SPECIFICATION Improvements in or relating to control units for input-output modules in electronic processors The present invention relates to a microprogrammed circuit arrangement designed to operate a functional unit in an electronic processor, termed module below, and comprising a plurality of inputoutput interface and auxiliary circuits.

Data transfer operations between the central memory or the central logic unit (CPU) in an electronic processor and the peripheral units, by way of respective interface circuits to which each peripheral unit is connected, make it necessary to perform a series of microinstructions.

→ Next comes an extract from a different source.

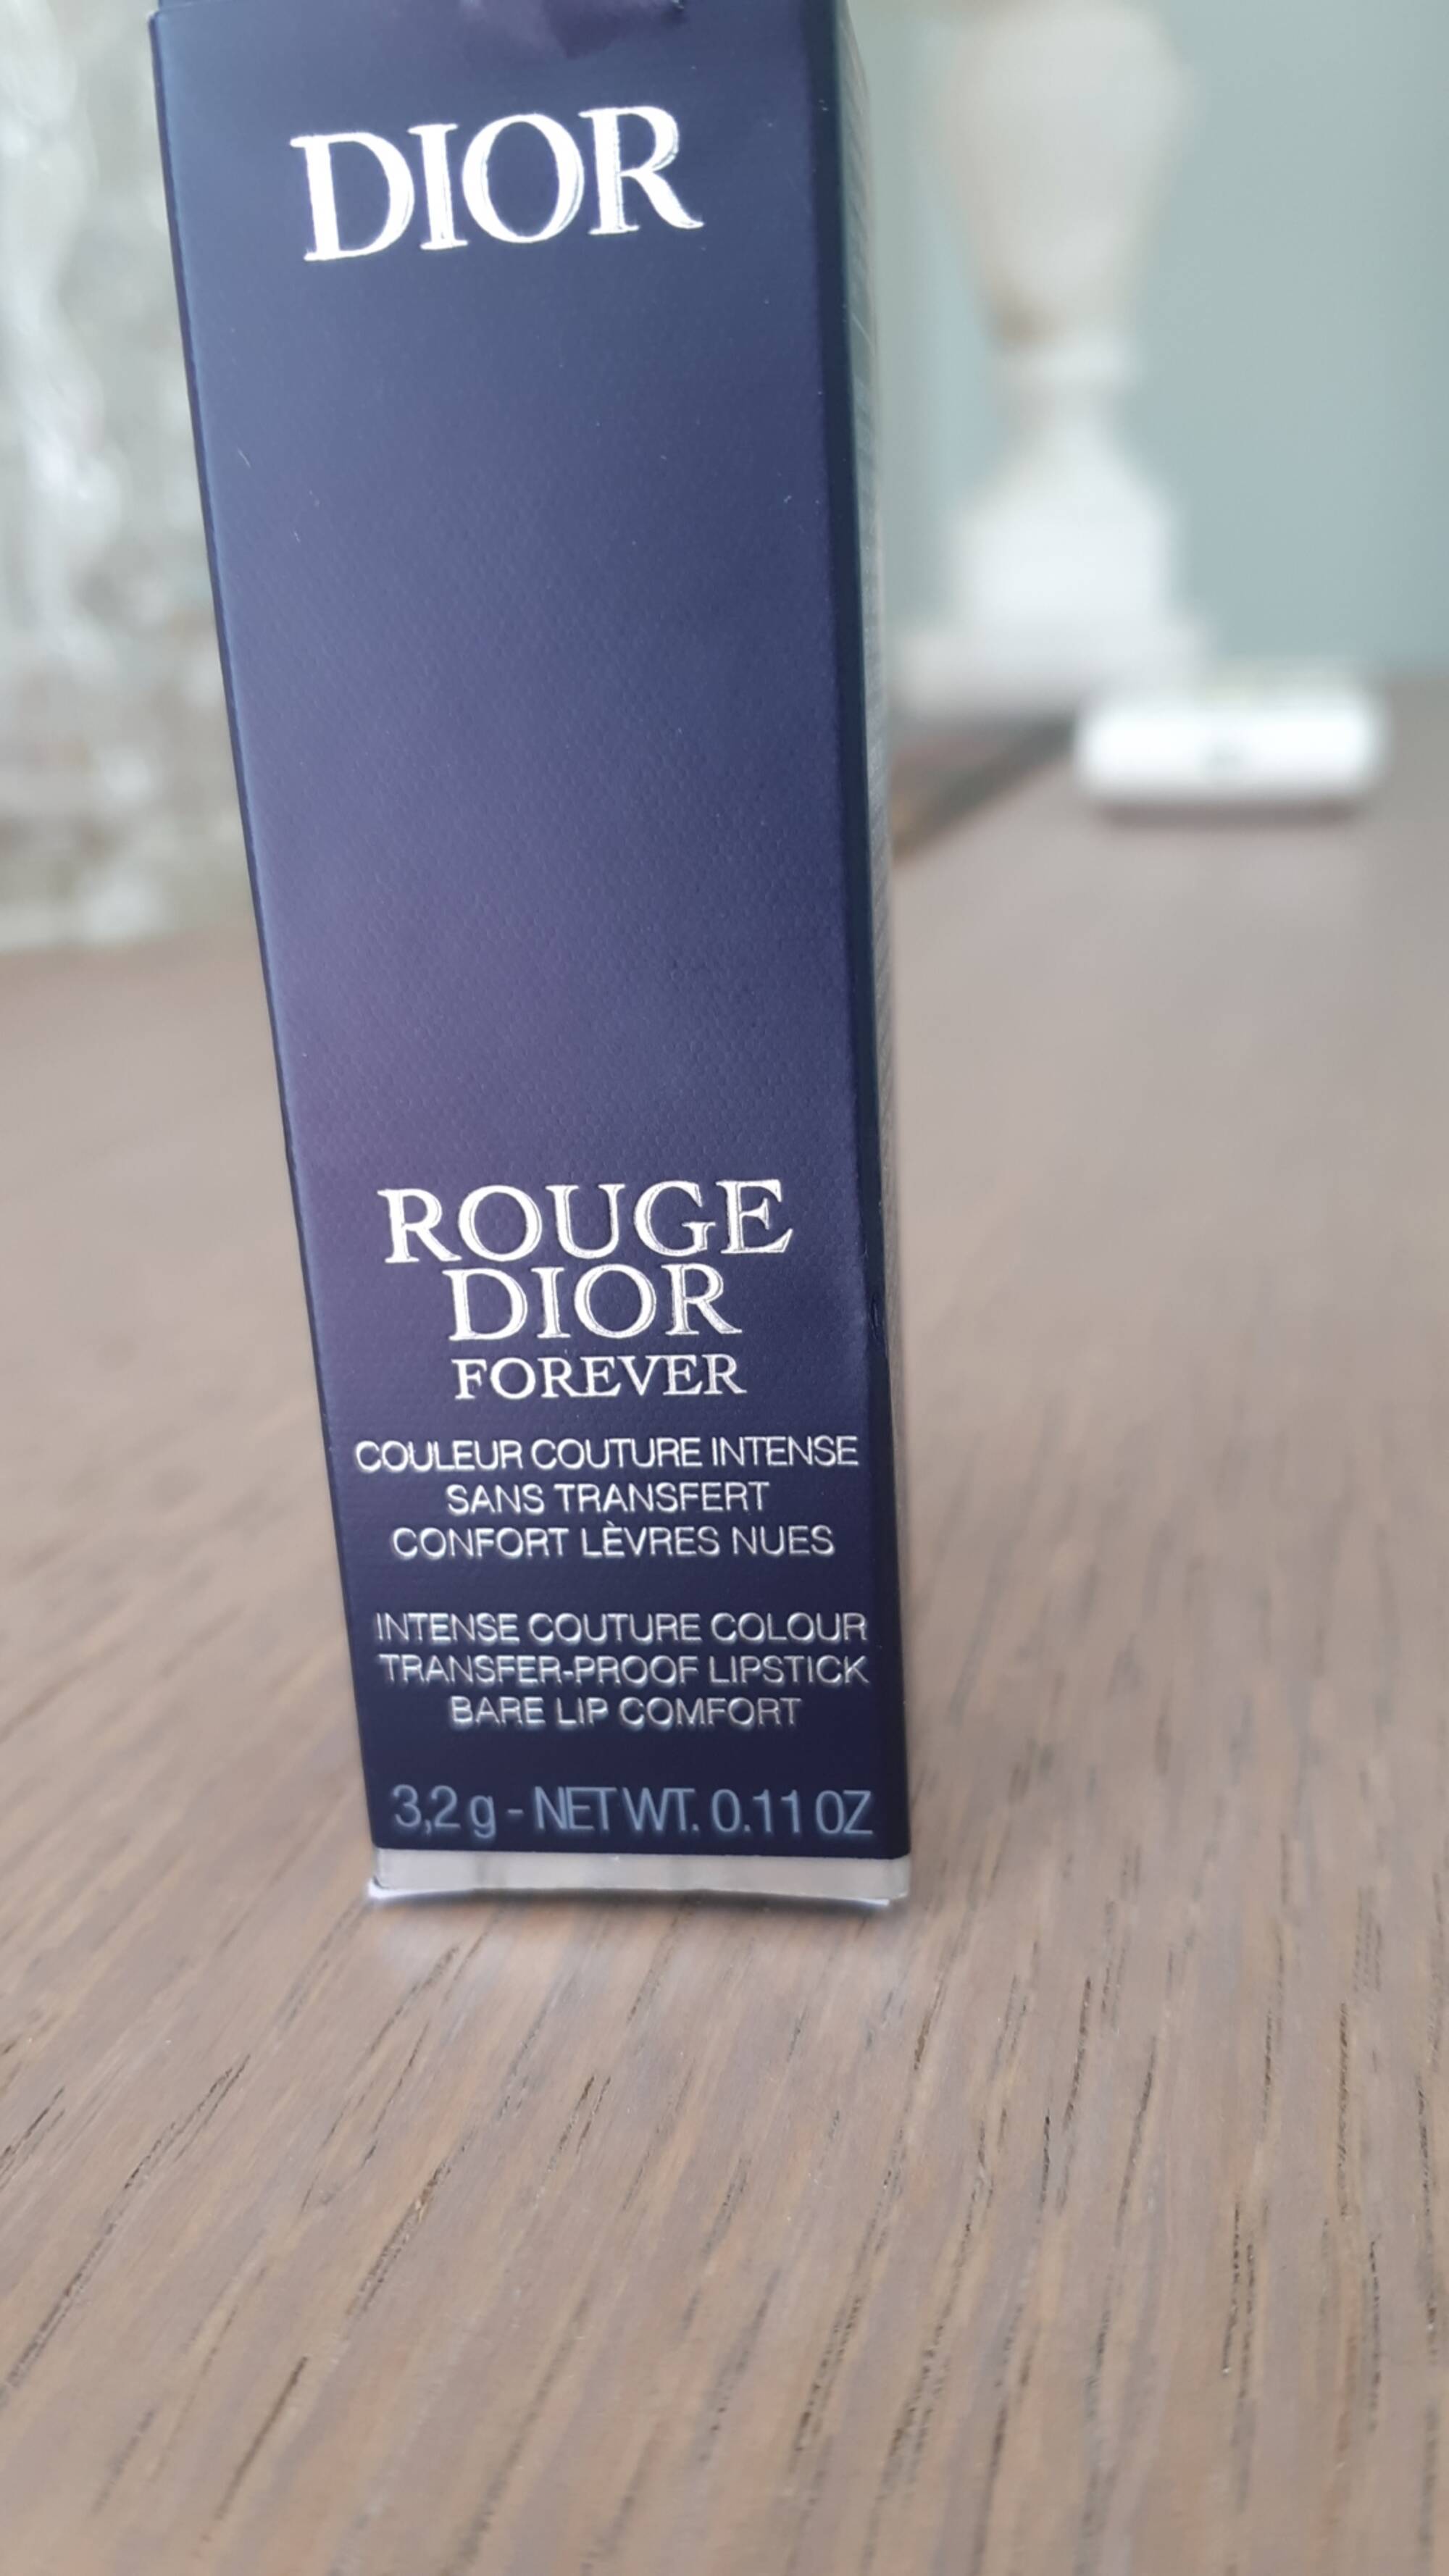 DIOR - Rouge Dior forever

To avoid uselessly operating the CPU, these operations are conveniently carried out by decentralized units which directly interact with the interface circuits.

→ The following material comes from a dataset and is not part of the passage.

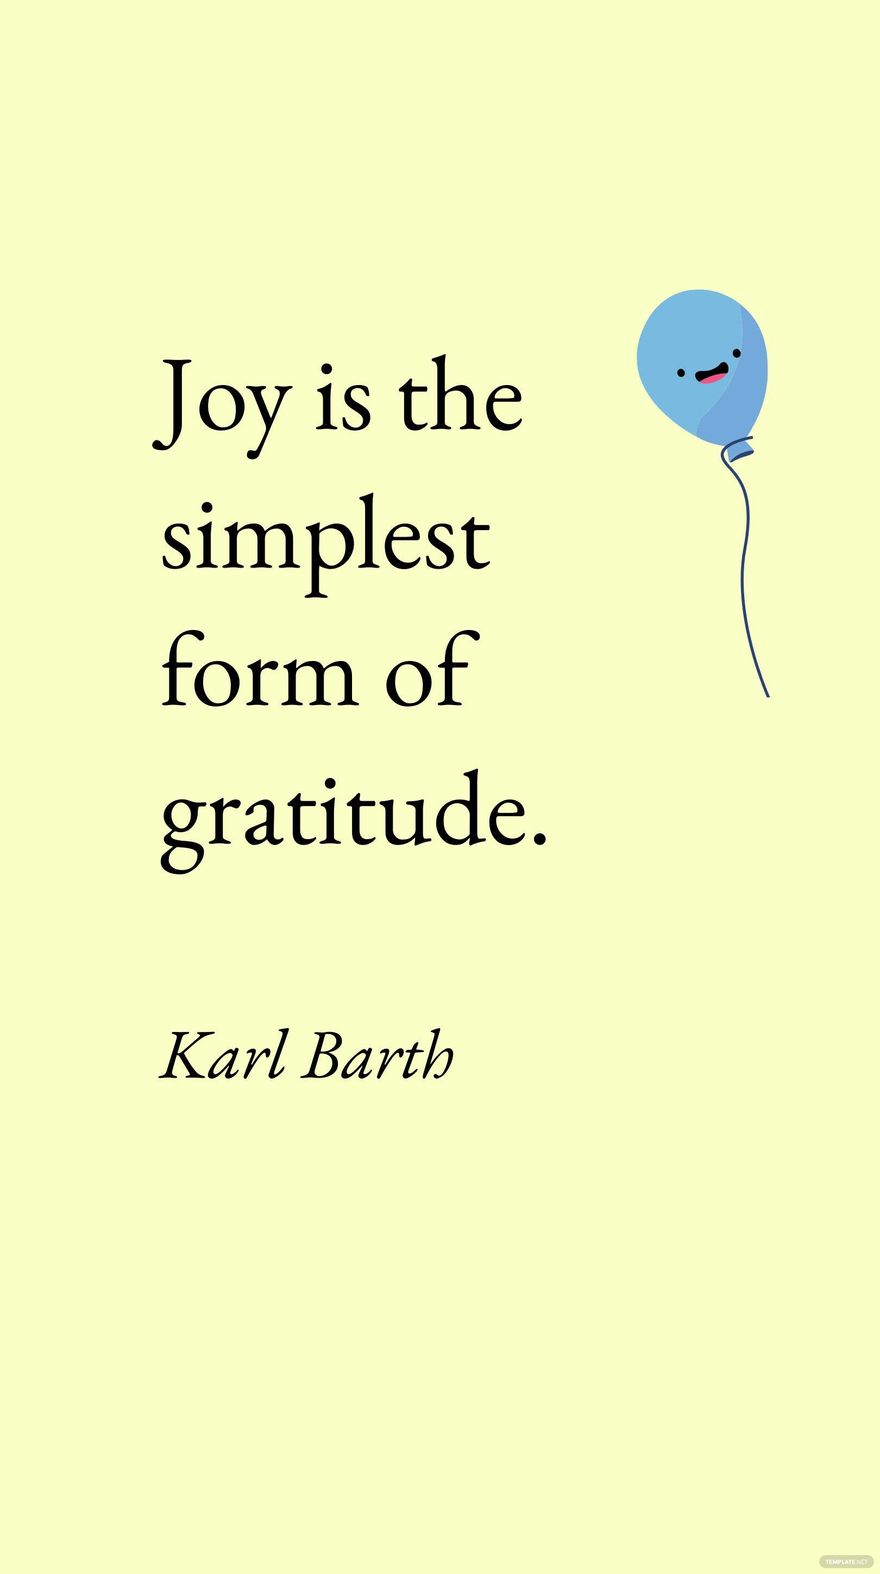 Free Karl Barth - Joy is the simplest form of gratitude.  in JPG

Such decentralized units, termed control units below, preferably have a simple structure, which limits the number of interfaces each control unit can operate.

Thus, the input-output part of the processor has a modular structure where each module comprises a plurality of interface circuits and control units arranged to operate them, whereas the messages sent by the CPU include the module address, the module interface address and the instructions for the control unit to perform an operation by activating a suitable microprogramme.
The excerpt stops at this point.